The data found is used for message filtering, because consumers can consume messages according to topics and tag s
consumer.subscribe("TopicTest", "TagA");
So is the message filtering in the broker or the condenser? According to the common sense, it is in the broker, because the traffic can be reduced in the broker.

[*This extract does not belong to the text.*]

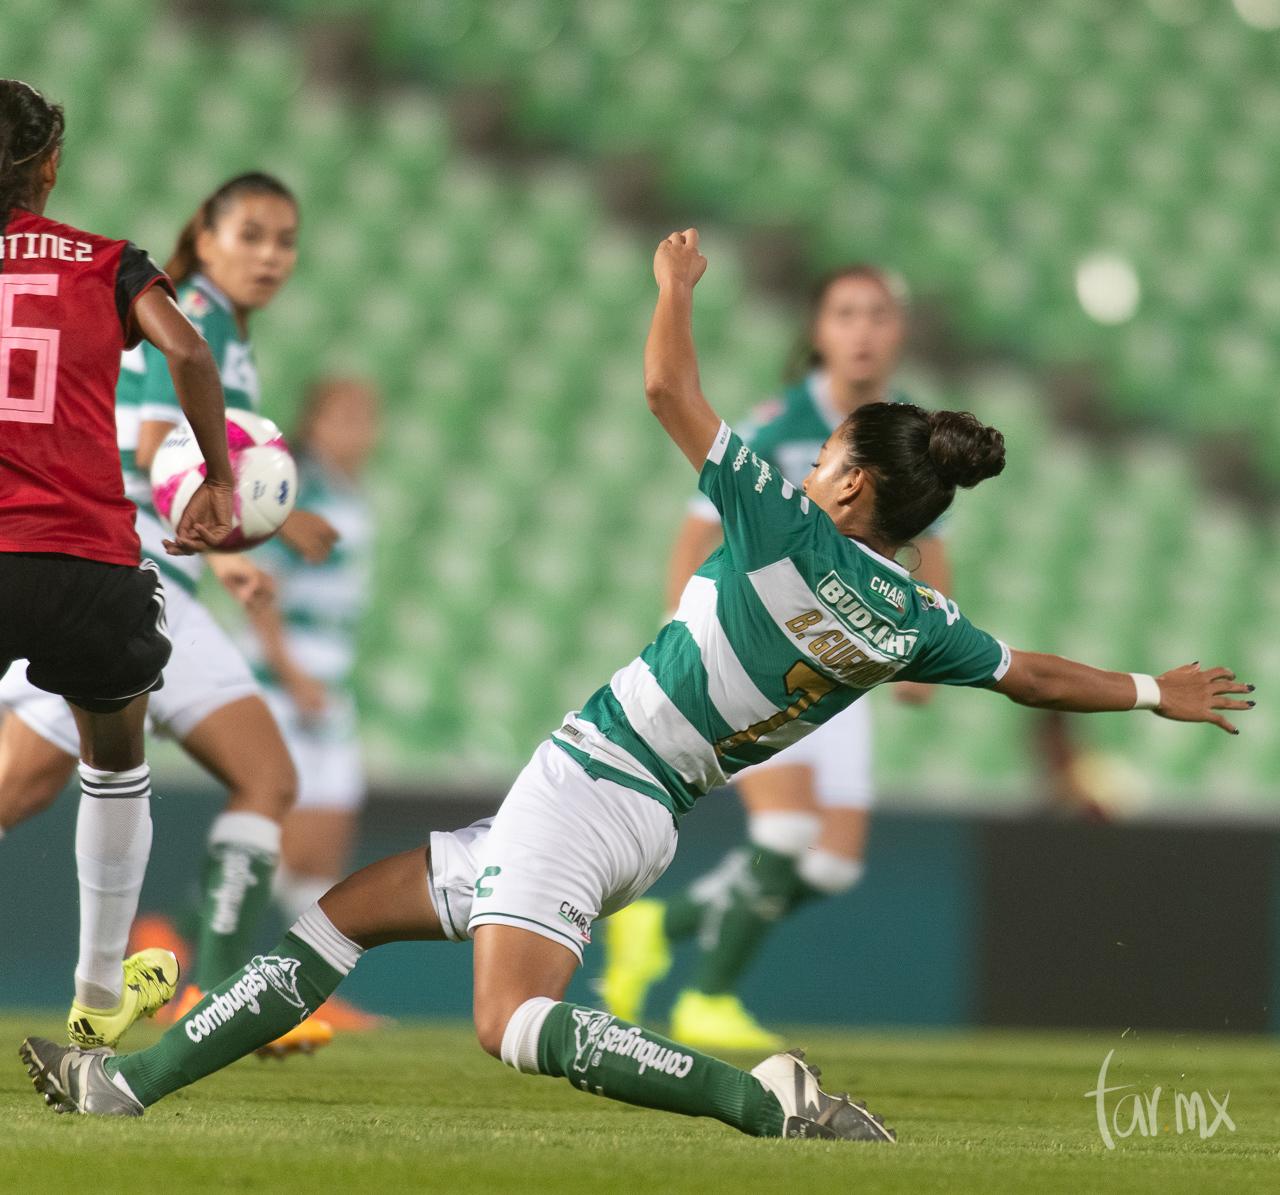 Andrea Hurtado 9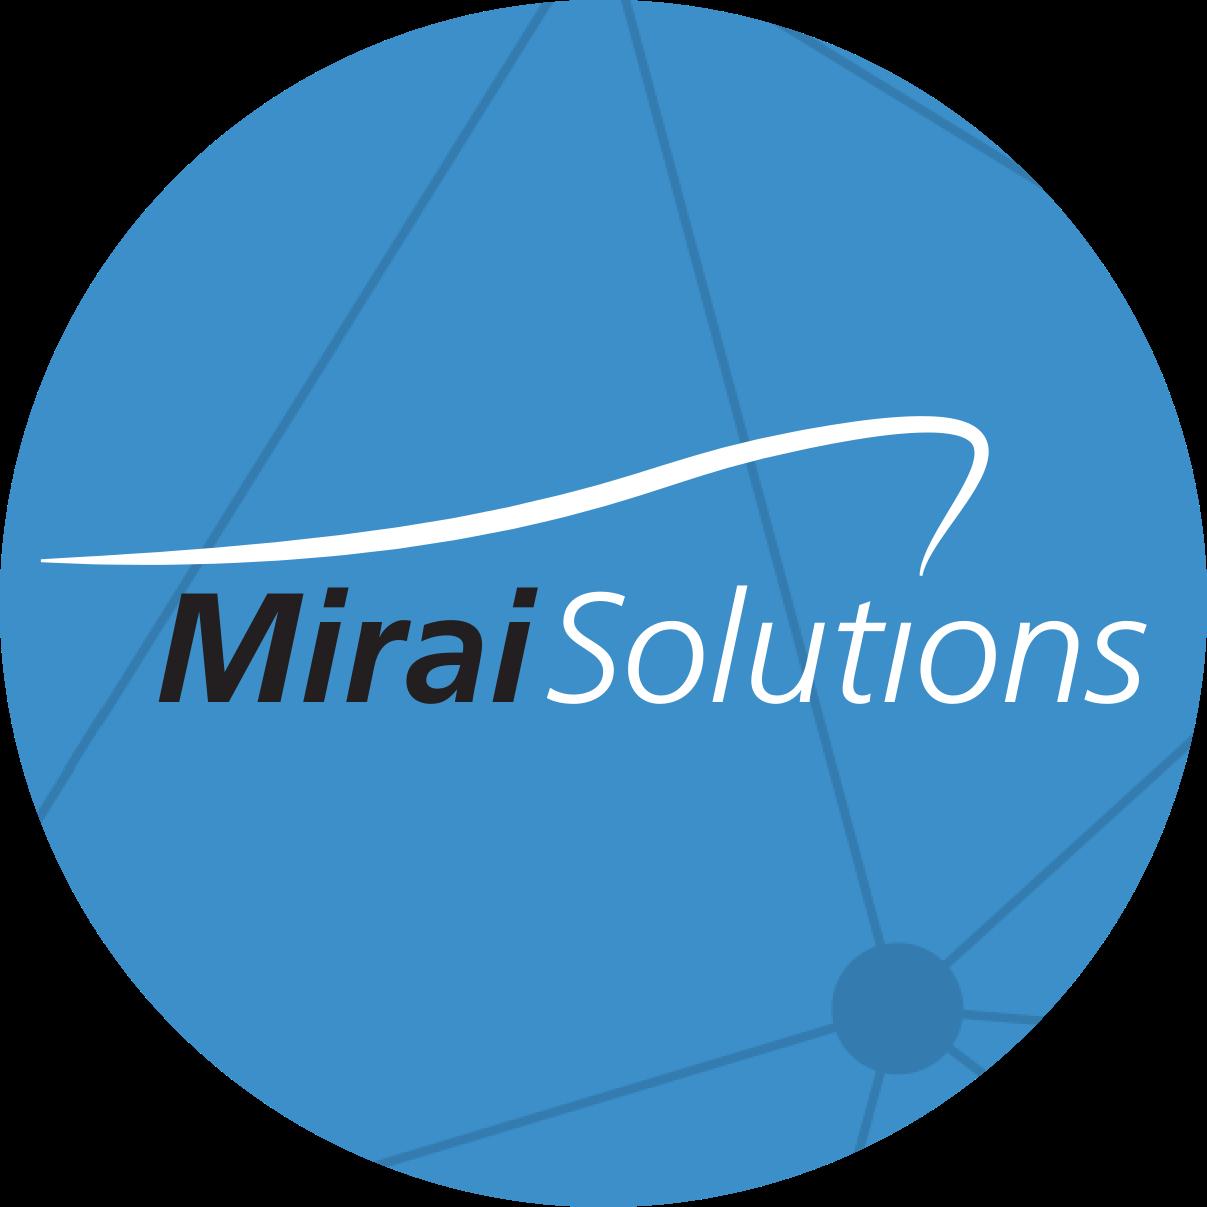 Mirai Solutions

In fact, the broker filters most and the Consumer filters a small part
Structure of ConsumeQueue
ConsumeQueue stores the logical information of the topic, as shown in the figure below, representing a record. The recorded information is stored in commitLog at CommitLog Offset.
Offset is used to mark the position of the message in the CommitLog
Size marks the size of the message
HashCode is used to filter messages
Source tracking
Construction of SubscriptionData (started by Consumer)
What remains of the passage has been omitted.